§ GIVEN RECORDS
......

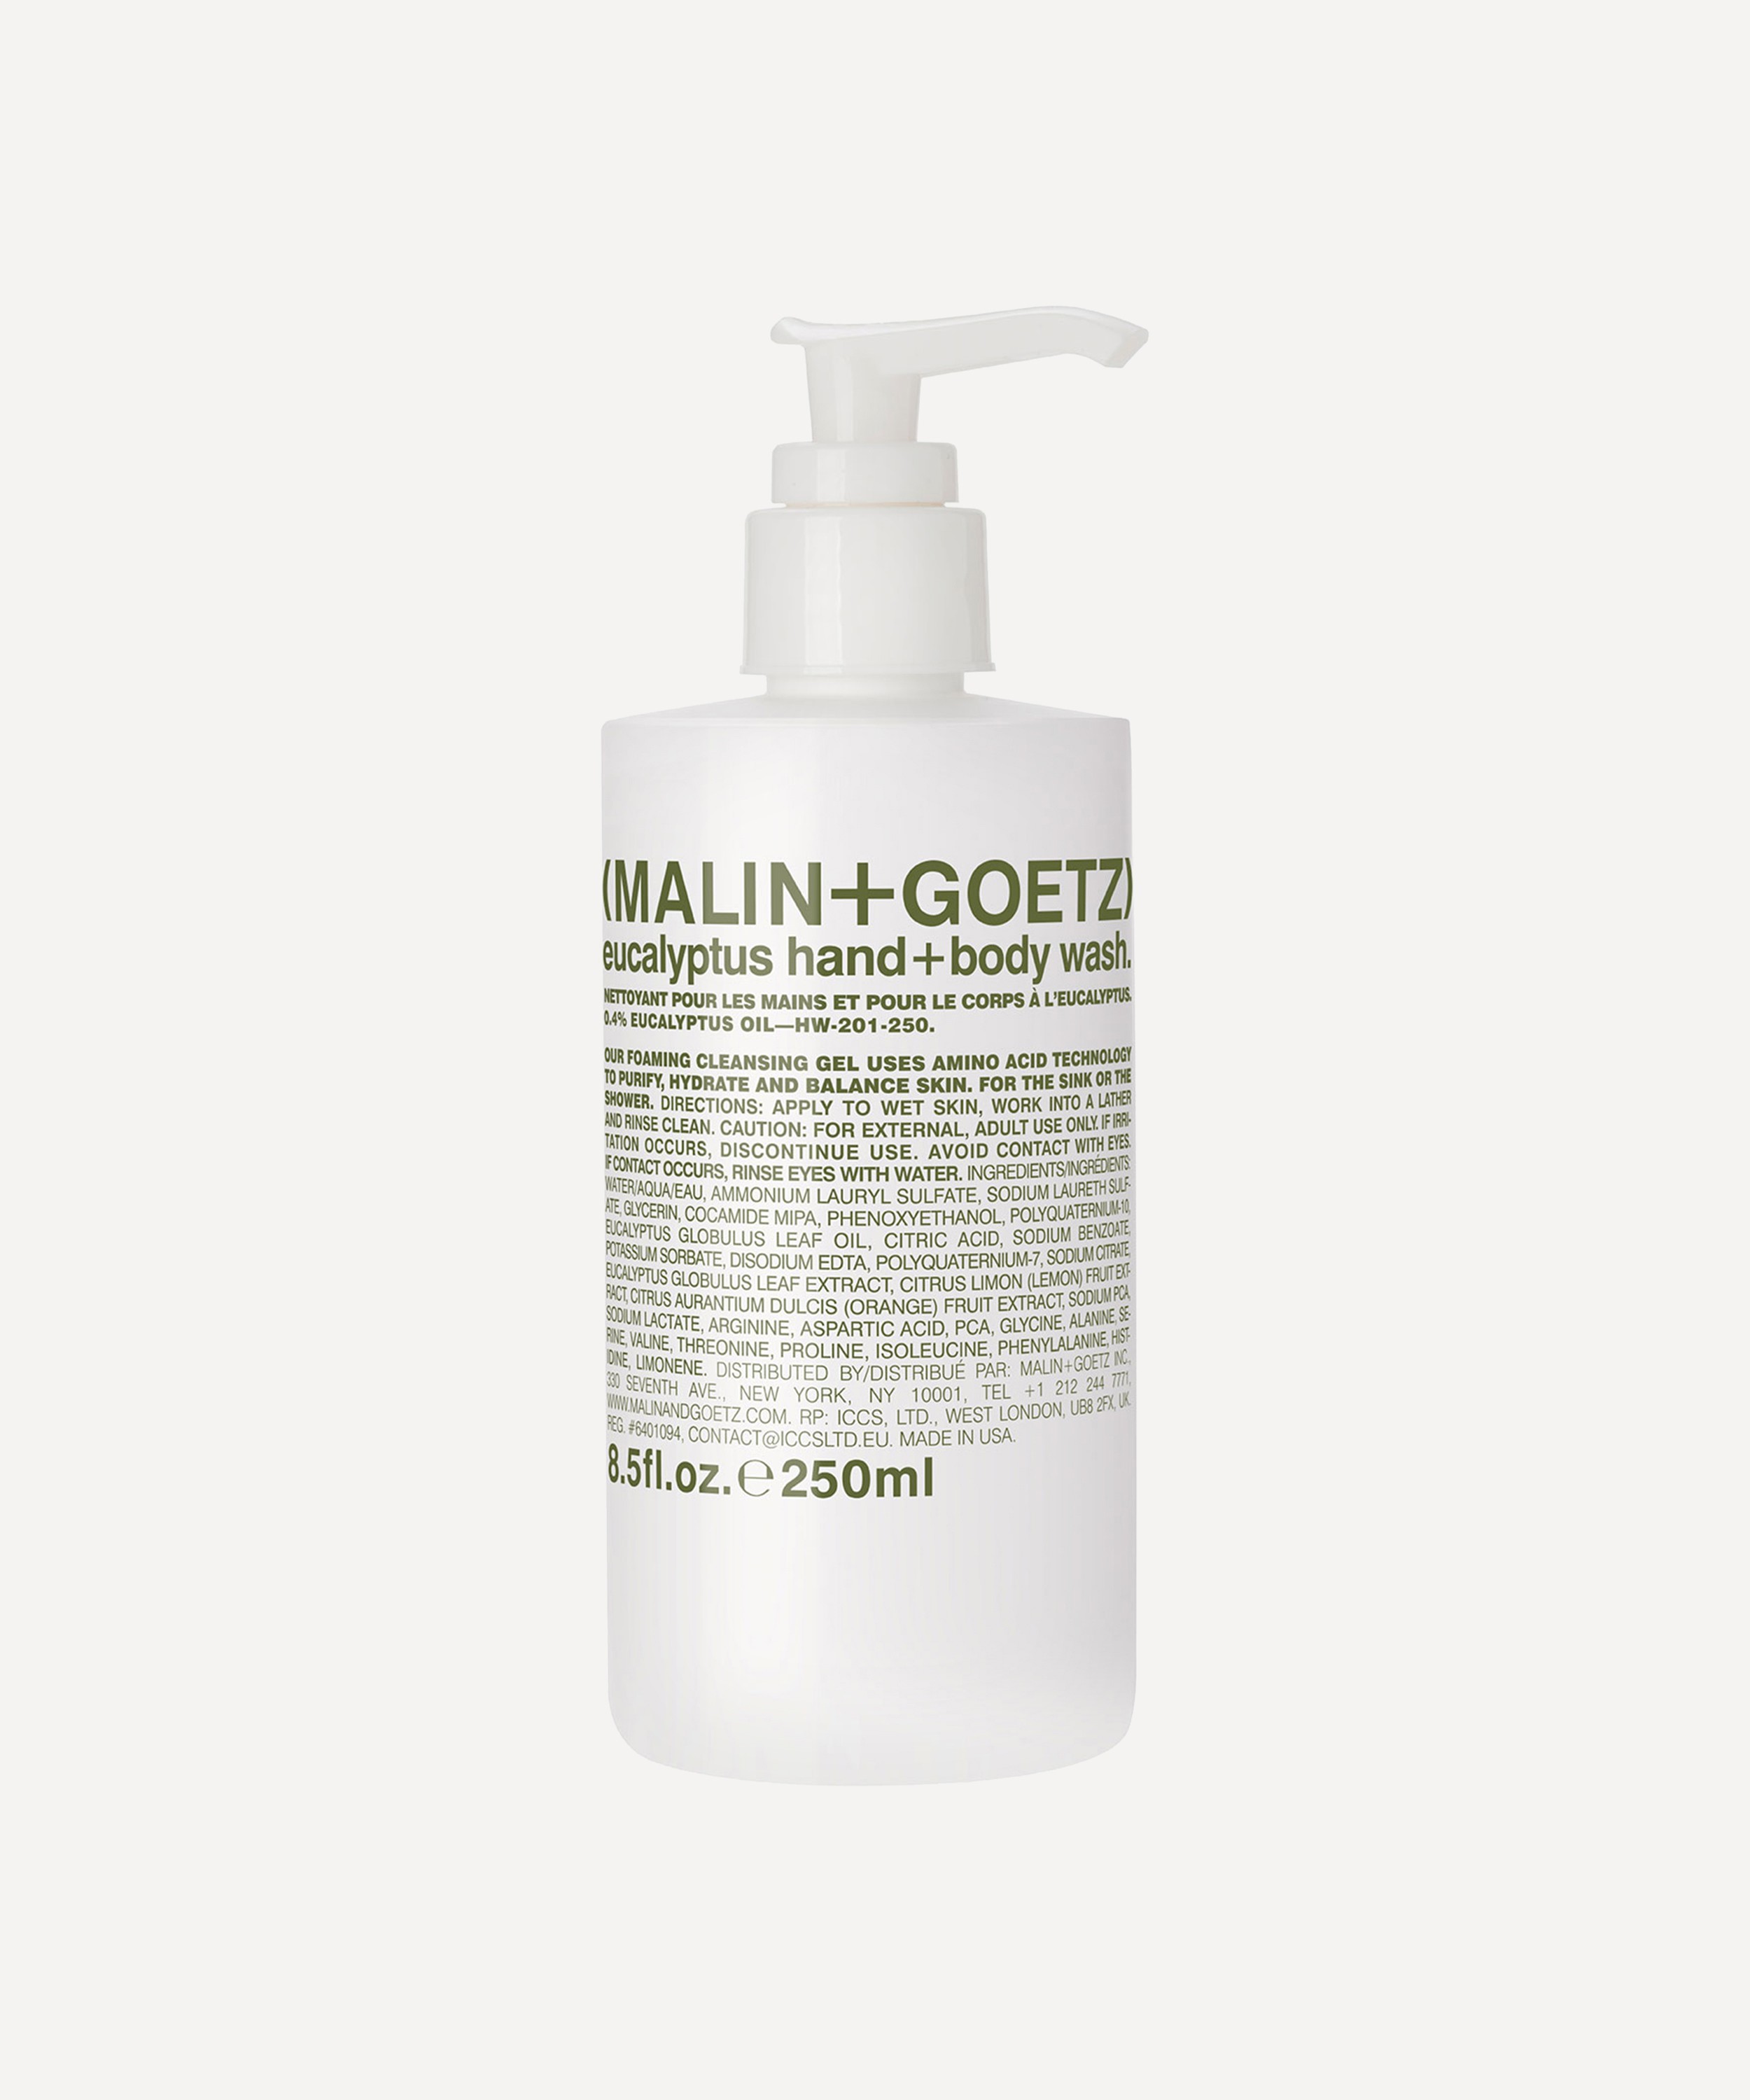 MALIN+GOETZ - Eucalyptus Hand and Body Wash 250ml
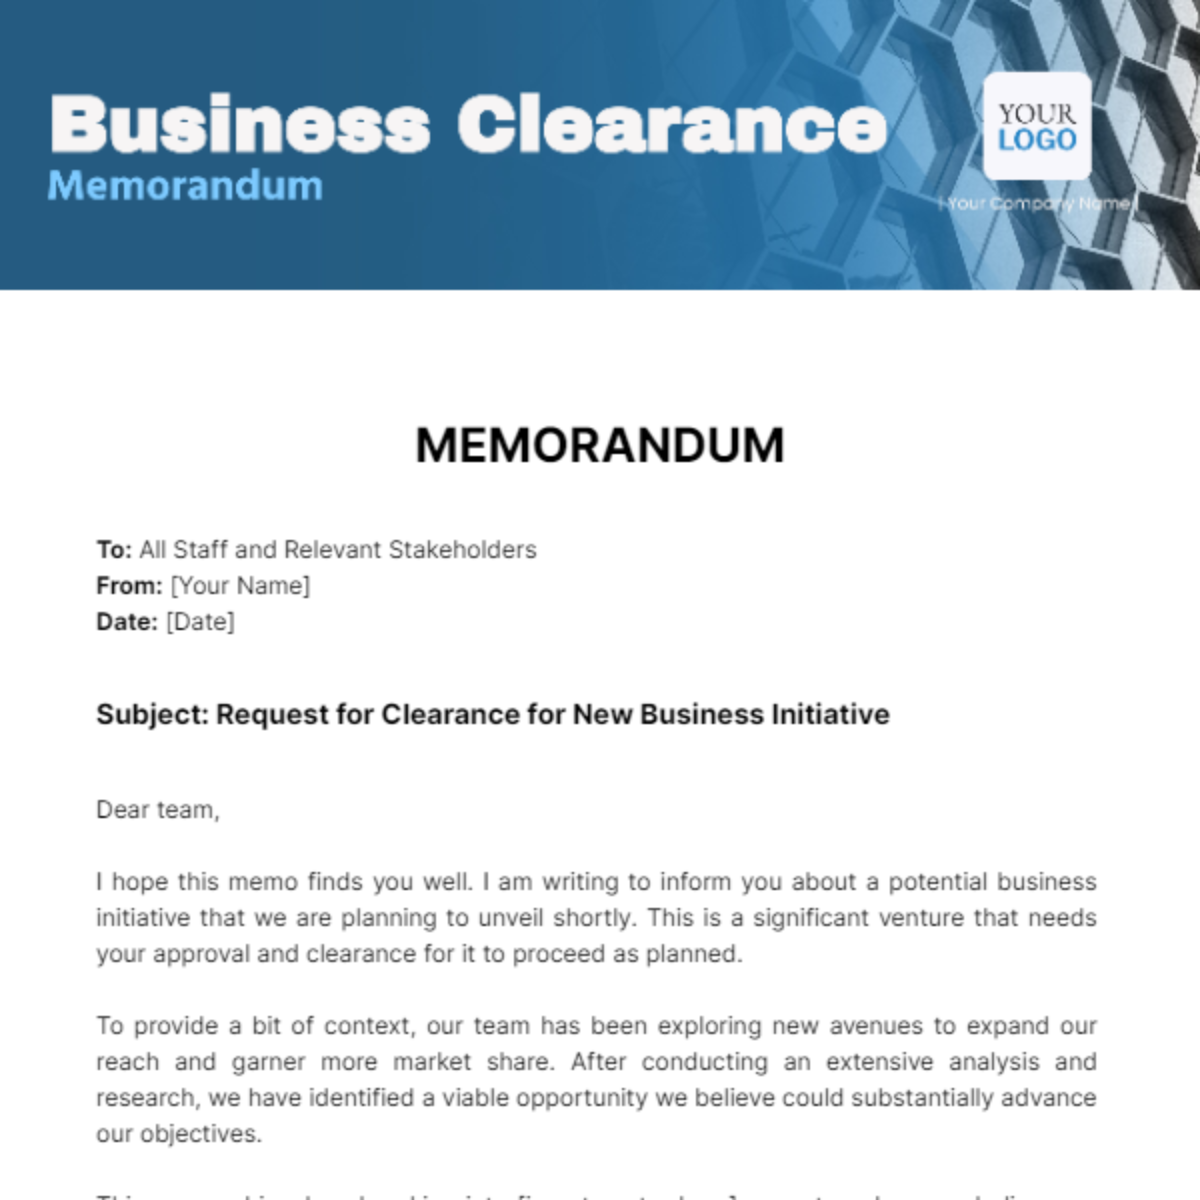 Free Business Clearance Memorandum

......

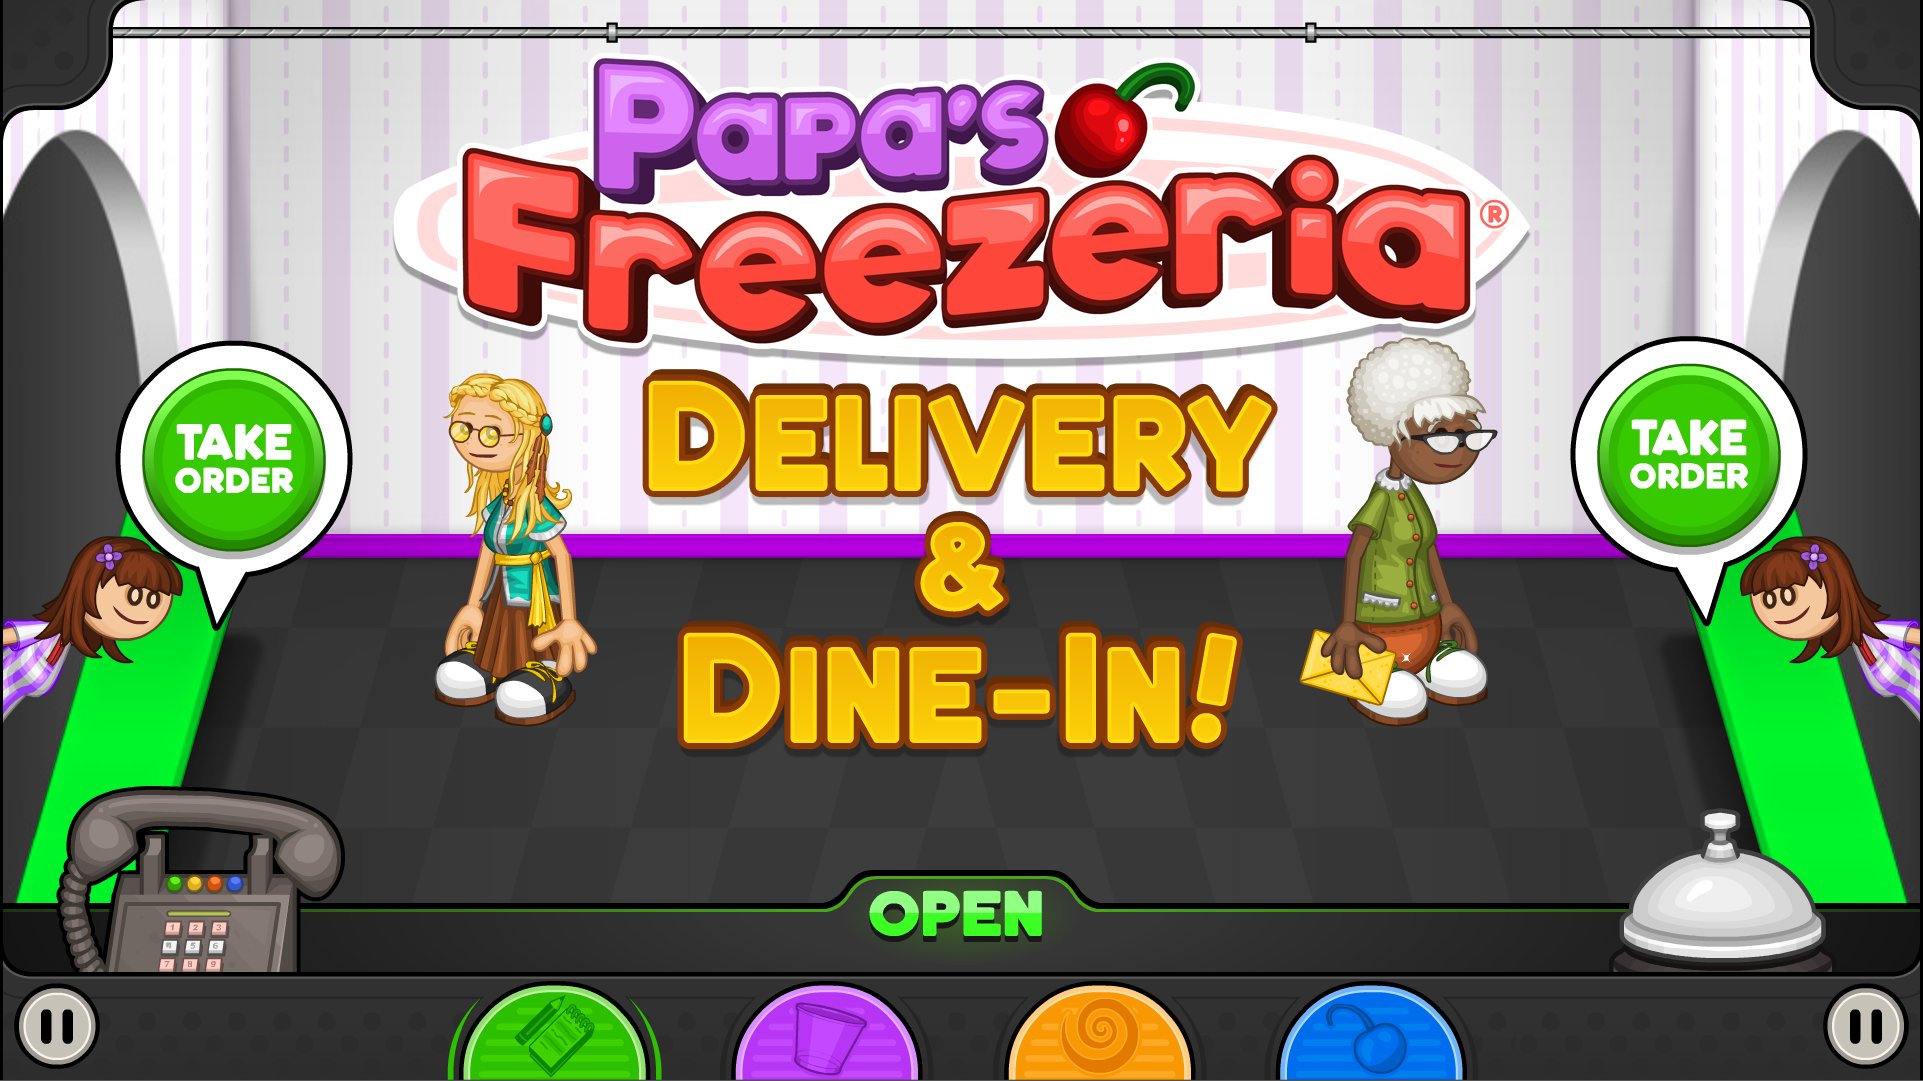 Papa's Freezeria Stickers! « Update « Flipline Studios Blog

......

In the listing above, find the line containing "MALIN+GOETZ - Eucalyptus" and the line containing "Free Business Clearance Memorandum". Reproduce those lines and all between them exactly, with no pictures and nothing more.

§ OUTPUT FOR THIS EXERCISE
 MALIN+GOETZ - Eucalyptus Hand and Body Wash 250ml
 Free Business Clearance Memorandum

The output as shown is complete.